Hidetoshi Seto <[email protected]> writes:
> Disabling only polling but not cmci is pointless setting.
> Instead of "mce=nopoll" which tend to be paired with cmci disablement,
> it rather make sense to have a "mce=ignore_ce" option that disable
> both of polling and cmci at once. A patch for this new implementation
> will follow this reverting patch.
>
> OTOH, once booted, we can disable polling by setting check_interval
> to 0, but there are no mention about the fact. Later Andi will post
> updated documents that can respond this issue.
I still think that patch has bad semantics because you leave around
the events in the machine check registers and never clear
them. Especially with MCA recovery that has very unfortunate side
effects -- it means the OVER bit will be set and a in principle
recoverable MCA will require a panic.

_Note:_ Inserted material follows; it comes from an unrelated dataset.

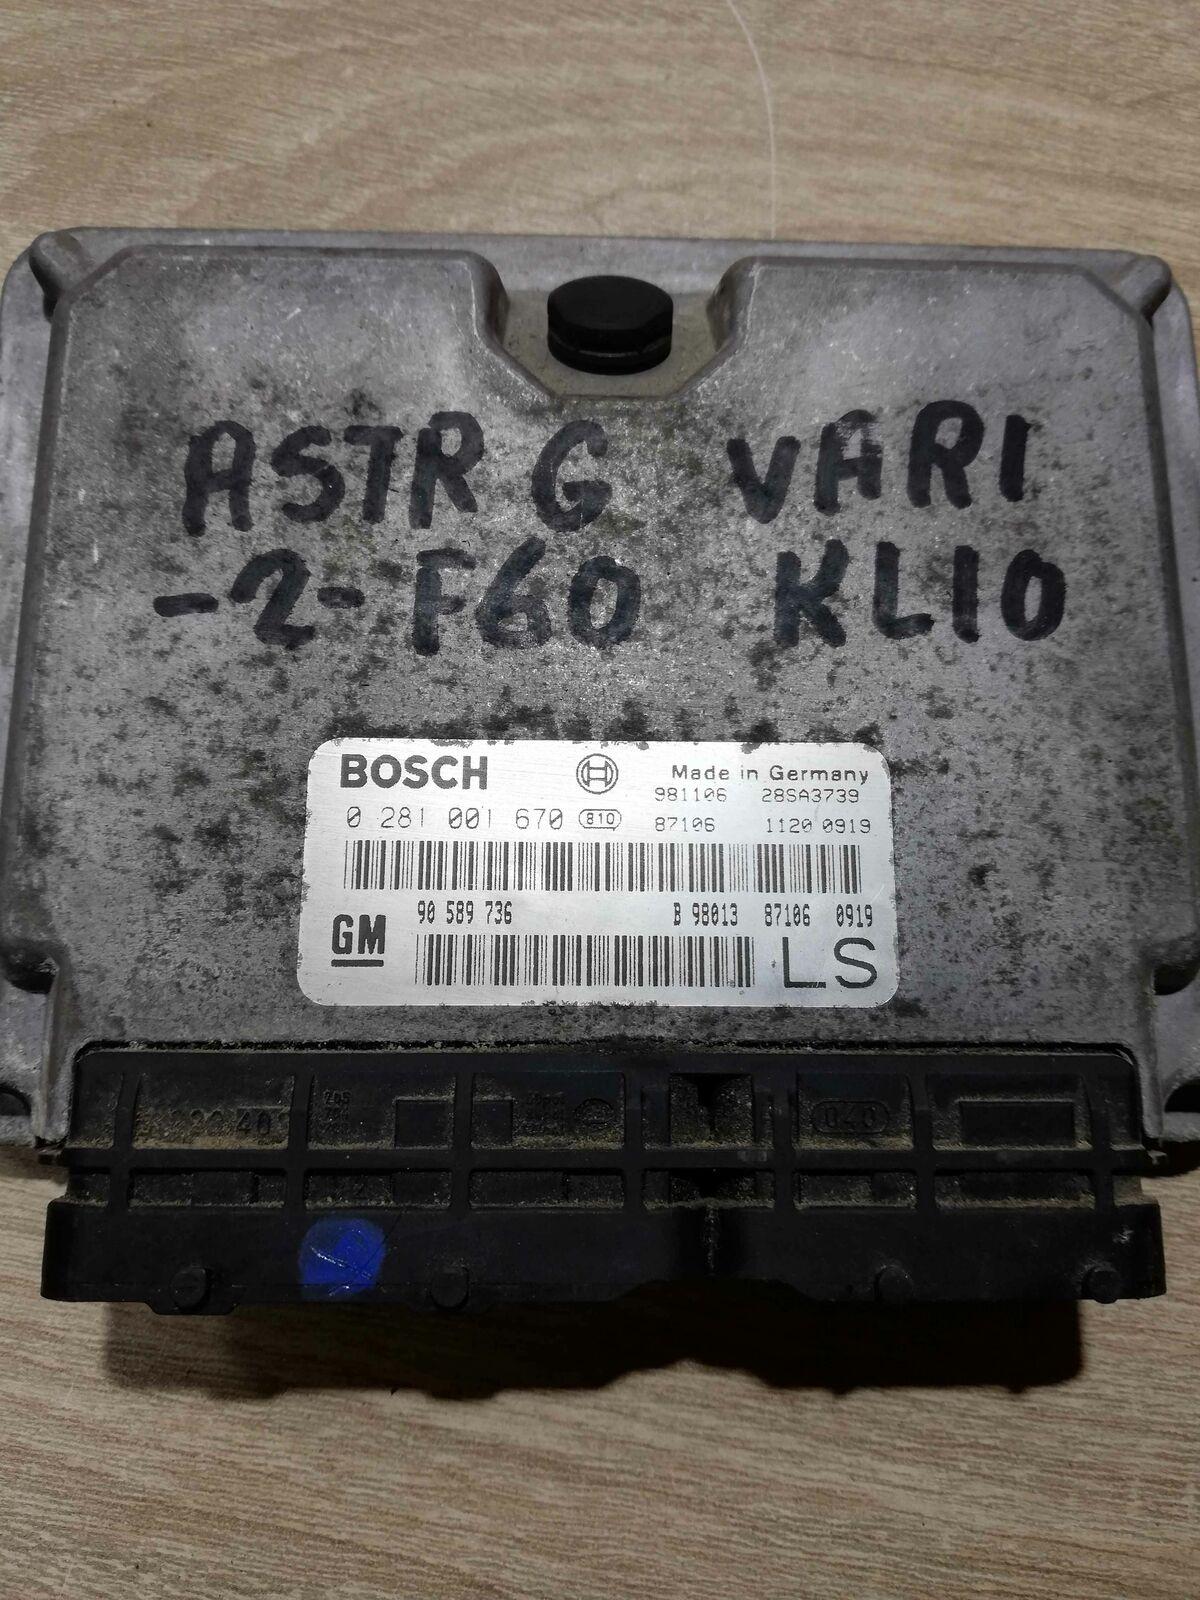 Bosch 0281001670 engine ECU Vauxhall Astra MK4 DTI 1.7 X17DTL 68HP 90589736 LS

Even without MCA recovery it has
similar problems and will lead to confusing log output for non CE
MCAs.
I think a patch to not log corrected errors would be reasonable,
but you still need to clear the events from the machine check
banks at least.
So I would recommend you add a mce=dont_log_ce or somesuch
that just guards the mce_log() call in machine_check_poll()

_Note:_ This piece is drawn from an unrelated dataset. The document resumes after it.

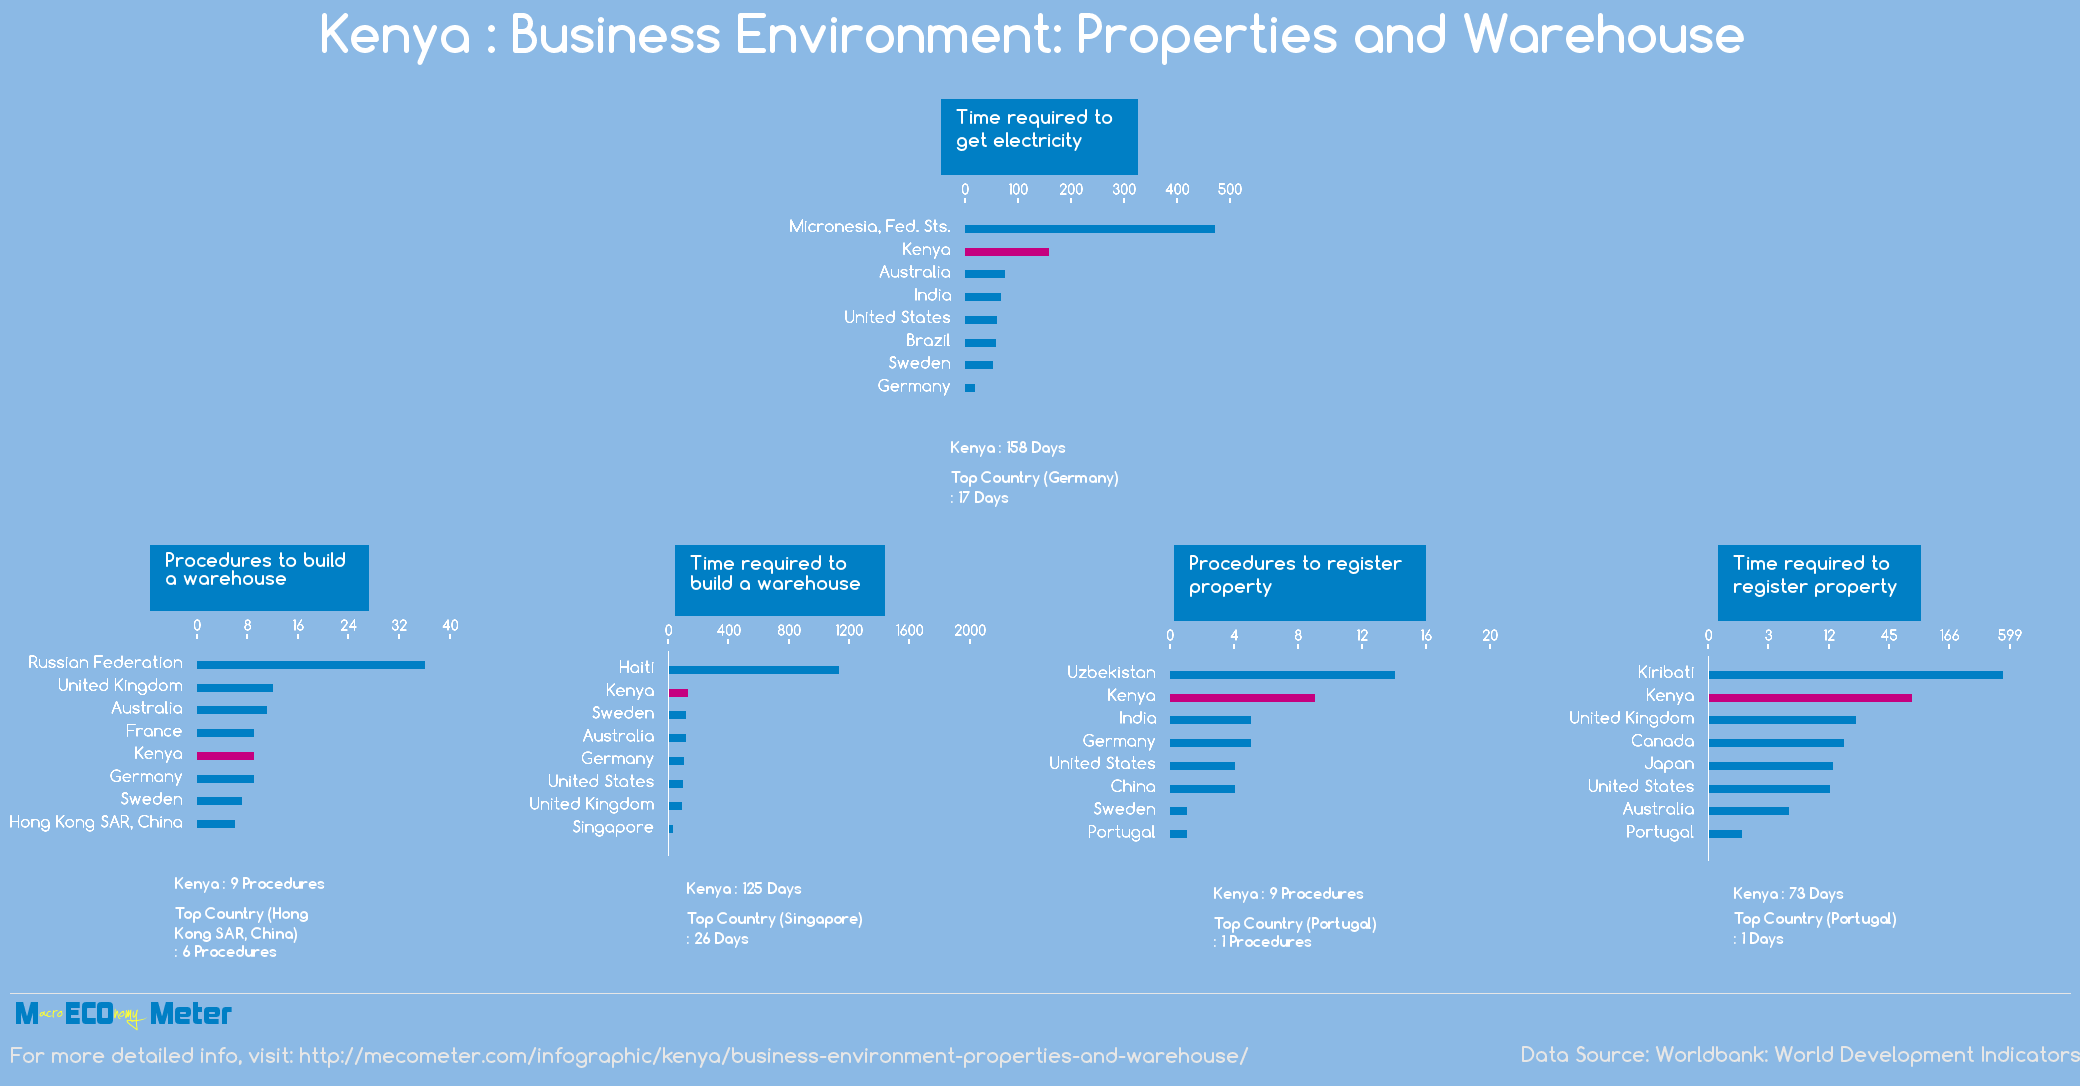 Kenya : Business Environment: Properties and Warehouse

Also for your use case really the better way would be to use
some way to let the firmware communicate that it doesn't want the OS
to log.
Also BTW before adding new features like this it would be a good
idea to first add the bug fixes I posted two weeks ago.
-Andi
--
[email protected] -- Speaking for myself only.

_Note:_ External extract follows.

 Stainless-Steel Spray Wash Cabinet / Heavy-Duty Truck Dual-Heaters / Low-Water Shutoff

Hidetoshi Seto <[email protected]> writes:
> This patch introduces a couple of boot option for x86_64 mce.
>
> The "mce=no_cmci" boot option disables cmci feature.
> Since cmci is a new feature so having boot controls to disable
> it will be a help if the hardware is misbehaving.
Acked-by: Andi Kleen <[email protected]>
Although I expect on Nehalem you'll get more problems without CMCI
than with due to the shared banks. Perhaps the documentation
should make that clearer.
>
> The "mce=ignore_ce" boot option disables features for corrected
> errors, i.e. polling timer and cmci. Usually this disablement
> is not recommended, however it will be a help if there are some
> conflict with the BIOS or hardware monitoring applications etc.
Same problem as with the earlier patch. You need a point
somewhere where the event is cleared, otherwise all hell
breaks loose.
> static int mce_dont_init;
> +int cmci_disabled;
> +int ignore_ce;
For global variables you should use a mce_ prefix to not pollute
global name space.
> diff --git a/arch/x86/kernel/cpu/mcheck/mce_intel_64.c b/arch/x86/kernel/cpu/mcheck/mce_intel_64.c
> index d6b72df..64c0dd9 100644
> --- a/arch/x86/kernel/cpu/mcheck/mce_intel_64.c
> +++ b/arch/x86/kernel/cpu/mcheck/mce_intel_64.c
> @@ -109,6 +109,9 @@ static int cmci_supported(int *banks)
> {
> u64 cap;
>
> + if (cmci_disabled | ignore_ce)
I presume you meant || here
-Amndi
--
[email protected] -- Speaking for myself only.
Andi Kleen wrote:
> Hidetoshi Seto <[email protected]> writes:
>
>> Disabling only polling but not cmci is pointless setting.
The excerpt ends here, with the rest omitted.